My voice wasn't something I had ever felt was particularly strong. In my mind I was always bland, boring, depressed, washed-out, nobody. Nobody wanted to hang out with me, I had nothing worth saying, I was just this boring blob of gross. Reading my previous posts today I heard myself. I heard my voice. It was there. It was strong. Very strong. And it showed my why people liked my writing as much as they did. Coming into those posts as a stranger now, I liked them. Not even out of nostalgia or out of "Hey, I did that, it must be amazing." No. This was simple, stumbling upon an Internet thing and enjoying the way it was told. I never understood before that I had that ability.

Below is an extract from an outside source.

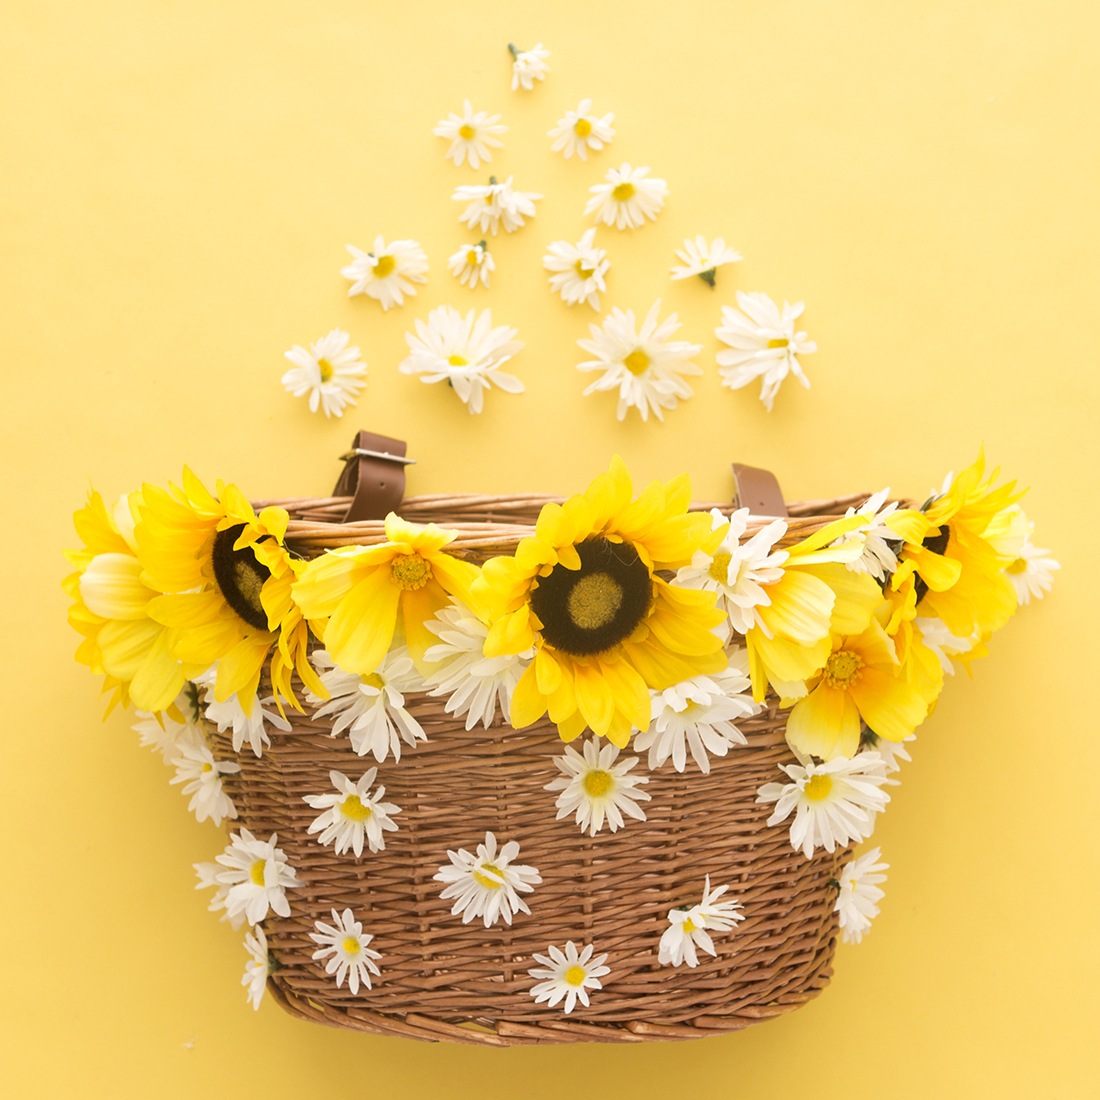 decora-una-cesta-con-flores-para-tu-bicicleta-05

I guess I must have created some kind of self-fulfilled prophecy. I saw myself as a talentless, voiceless goof, I let other people and other writers--ones I wasn't even directly speaking to--convince me that I was a voiceless, talentless goof. That I was doing everything the wrong way. So I became what I saw myself as. I became the voiceless, talentless goof.
Instead of creating my own stuff I dumped into the Archive. I was feeling the pressures all around me, all over the place, pushing down from everywhere. I'm twenty-fucking-one and living in my parent's house. My girlfriend works full time. I bring in no money. I need to start bringing in money. That's what I was thinking. For me it became a matter of "I will do all this easy quick-cash stuff now, then I can afford to develop myself and my passion later."

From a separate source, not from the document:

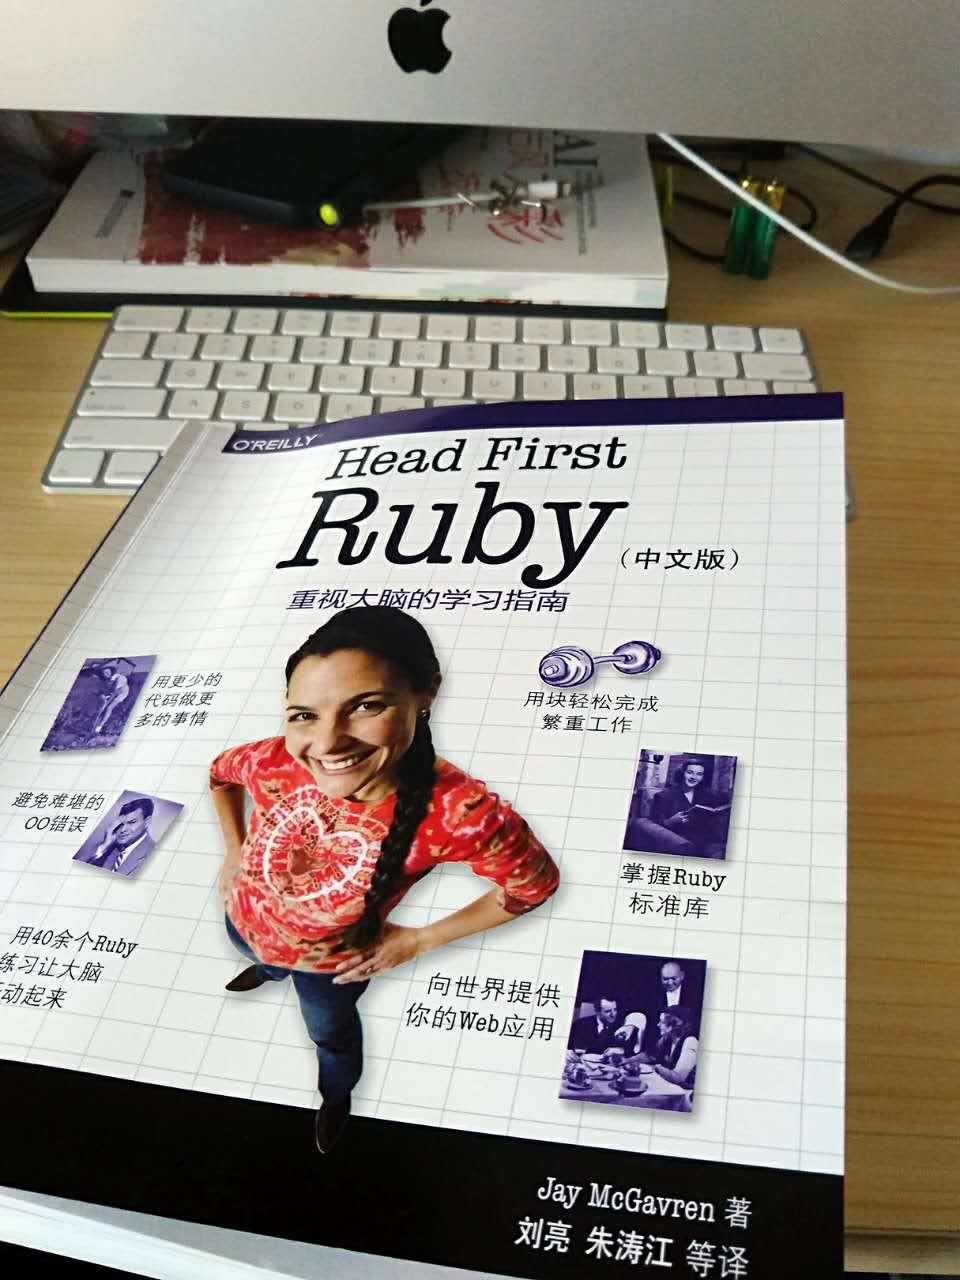 5口气读完《Head First Ruby》

Now don't get me wrong. I am certainly passionate about 2-Bit, and I am most certainly not closing the doors there. But there will be a change to the way I go about it, and the frequency with which I do. I'm not going to exhaust and depress myself with that anymore. It's not about... it became about the money, and that killed me. So I need to stop making it about the money. I need to become who I was. Because that person was a way better person.
I need to stop beating myself up and convincing myself that I don't have the ability, because I clearly do. It's obviously there. I can do this. And probably most importantly, I need to stop browsing Internet forums. The most obvious of these would be Absolute Write which has been absolute wrong for my development as a human being, as a writer, as a boyfriend. Just, wrong. Bad. Ruined me. So, no more of that. Gotta. Gotta quit the forums. They aren't happy anymore for me. Forums in general don't appear to be healthy environments these days, and I was letting all that Internet bull crap sink into my head. So no more of that. Maybe not cold-turkey, but definitely not hot-chicken.
I don't really think anyone is gonna wanna read this post, but it's being posted anyway. It's long, it's rambling, it's more for my benefit than anyone else's. That's okay. That's almost how it should be. Writing, and blogging, they used to be therapeutic. And when they were like that for me, everyone else enjoyed what I created. What I had to say. So I can't let the stresses come in anymore. Gotta keep them out. Bad stresses.
So to wrap this up, I guess I'm gonna tie it off with a moral of sorts. And this can qualify as the tl;dr, too. When you're... I hate to say nostalgia, cause I've already denied that earlier, but when you are feeling that you have regressed as a person, or as an artist, or anywhere else in your life. Look at what you used to be. When you feel worthless, look at what people told you was good. Maybe take a quick look around and determine what toxic situations are you in that might be contributing here. I wish I could cut this off nicely, like Aesop. Actually, I'm game. Let's play Aesop.
He who thinks he is of no worth is often right.